5.Bölüm❤️

876 56 4
                                    

~Ertesi gün~

Bugün okula hiç gitmek istemiyordum. Ama ilk haftadan da devamsızlık hiç yapmak istemiyordum. Uykulu bir şekilde yatağımdan kalktım.

Günlük rutinlerimi hallettikten sonra üstümü giydim ve saçımı da at kuyruğu yaptıktan sonra kahvaltı yapmadan evden çıktım.

Okula girdiğimde direk Oğuz ve Damla'nın yanına gittim.

Oğuz: günaydın yarpağım.
Yaprak: günaydın.
Damla: sen bir şey anlatacaktın? Neydi? Anlat çabuk!
Oğuz: ayy meraklı Melahat!
Damla: Oğuz ya, bari insanı sabah sabah sinir etme!
Yaprak: tamam anlatıcam.

Ben olayları anlatırken dikkatlice dinledi ikiside.

Yaprak: işte böyle. Pişmanım ama. İstemeden yaptım.
Damla: yapacak bir şey yok.
Oğuz: aman şu sarı fırtınadan uzak dur. Onun sağı solu belli değil.
Yaprak: yok ya. Bir şey yapamaz.
Damla: Oğuz haklı ilk defa. Bence de, yine de ona çok bulaşma sen.
Yaprak: peki.

🖤🖤🖤

Öğle yemeği yemek için yemek alıyordum. Ama, geçen gün Barış'ın yanında gördüğüm kız üstüme yemek dökene kadar her şey normaldi.

Yaprak: ya yavaş olsana!
Melisa: ayy pardon canım ya. Sakarlık, ne yaparsın işte. İstersen sileyim üstünü.
Yaprak: yok tamam. Ben hallederim.
Melisa: peki, sen bilirsin.

Üstümü silerek tuvalete gittim. Ben üstümü silerken aynadan beni izleyen Barış'ı görmemle yerimde sıçramam bir oldu.

Yaprak: napıyorsun burda?!
Barış: şş şş, önce sessiz ol.
Yaprak: kızlar tuvaletinde ne işin var senin?
Barış: değişik fantezilerim var. Olamaz mı?
Yaprak: uzatma. Benden ne istiyorsun?

Yaslandığı kapıdan kalktı ve elleri cebinde üstüme doğru gelmeye başladı. Ben de ne yapacağımı bilmediğim için geri gittim. En son duvara toslayınca kaçacak yerim kalmadığını anladım.

Yüz ifadesi birden değişti ve sinirli bir şekilde üstüme geldi. Önümde durdu ve önce kapıya baktı sonra, iki koluyla da beni duvarla arasına aldı.

Gözleri kırmızı olmuştu. Galiba hala söylediklerimin etkisindeydi. Ama bu sefer gözlerinde daha farklı bir şey vardı: kin, nefret ve öfke...

Barış: bana geçmişimi hatırlattın. Ve bunu bedelini ödeyeceksin küçük.
Yaprak: ö-özür diledim işte senden.
Barış: özür dilemekle olmuyor o işler. Şu anda burda olmanın sebebi benim. O üstüne yemeği ben döktürttüm. Ve şimdi de sana burda hesap sorucam.
Yaprak: sen iğrenç birisin!

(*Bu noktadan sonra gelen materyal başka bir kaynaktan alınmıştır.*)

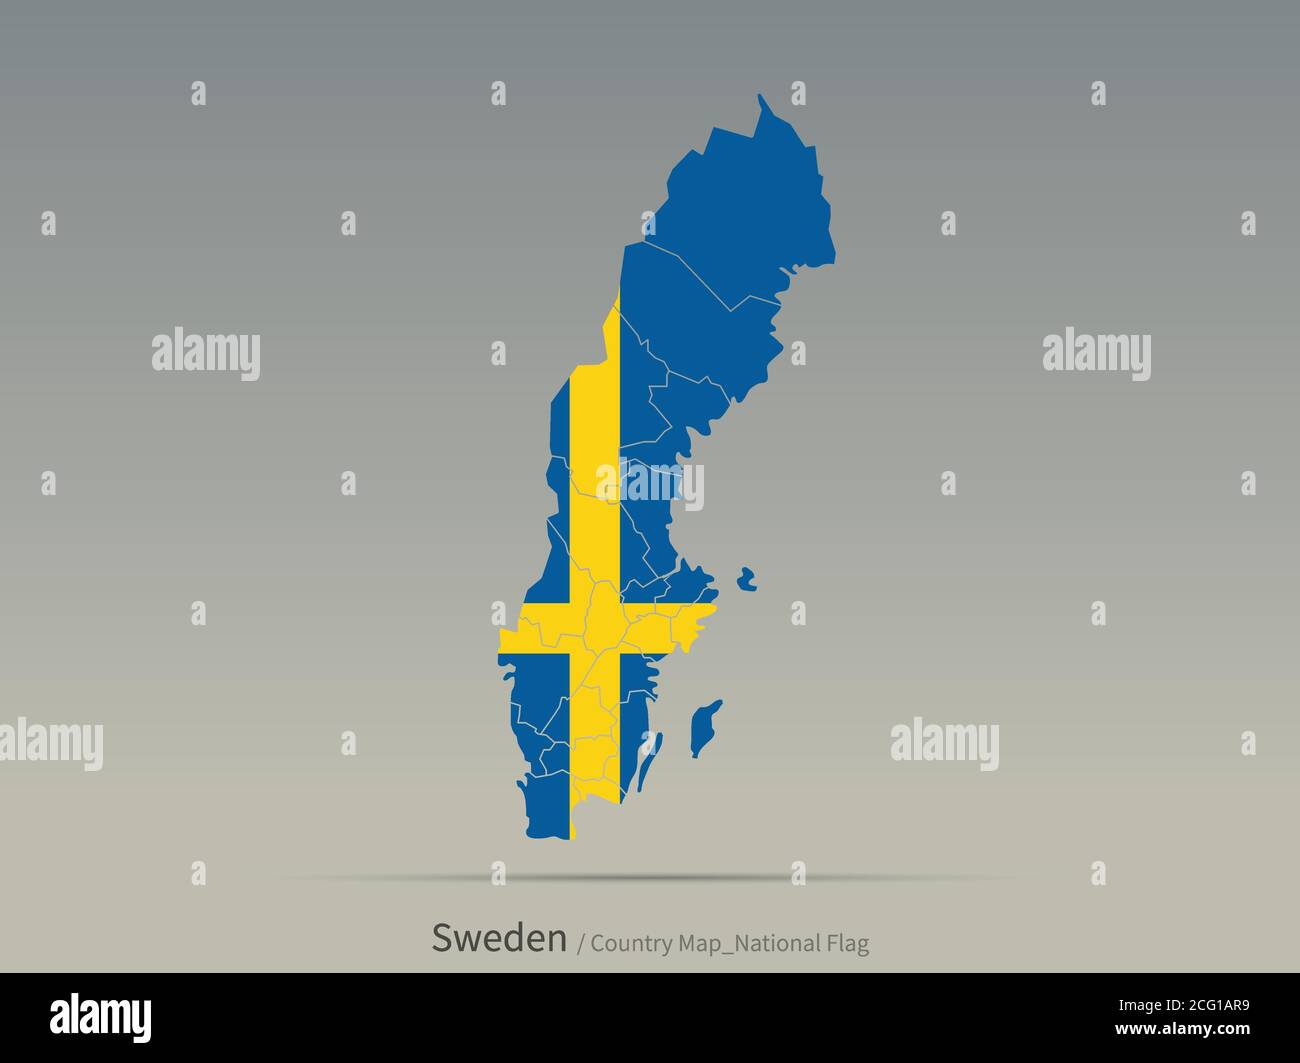 Drapeau de Suède isolé sur la carte. Carte et drapeau des pays européens. Illustration de Vecteur

Pişman oldum, bilmiyorum dedim. Özür diledim. Hala ne istiyorsun?!
Barış: benim canımı fena halde sıkıyorsun!
Yaprak: tamam o zaman bulaşma bana!
Barış: öyle kolay kurtulacağını mı sandın?

Gittikçe yaklaşıyordu ve bu beni hem geriyor hem heyecanlandırıyordu. Bunu fark edince gözlerini gözlerimden ayırdı ve dudaklarıma bakmaya başladı.

Yaprak: b-bırak lütfen...
Barış: senden nefret ediyorum...
Yaprak: tamam, git o zaman.
Barış: olmuyor. Senden uzaklaşmak istiyorum. Olmuyor...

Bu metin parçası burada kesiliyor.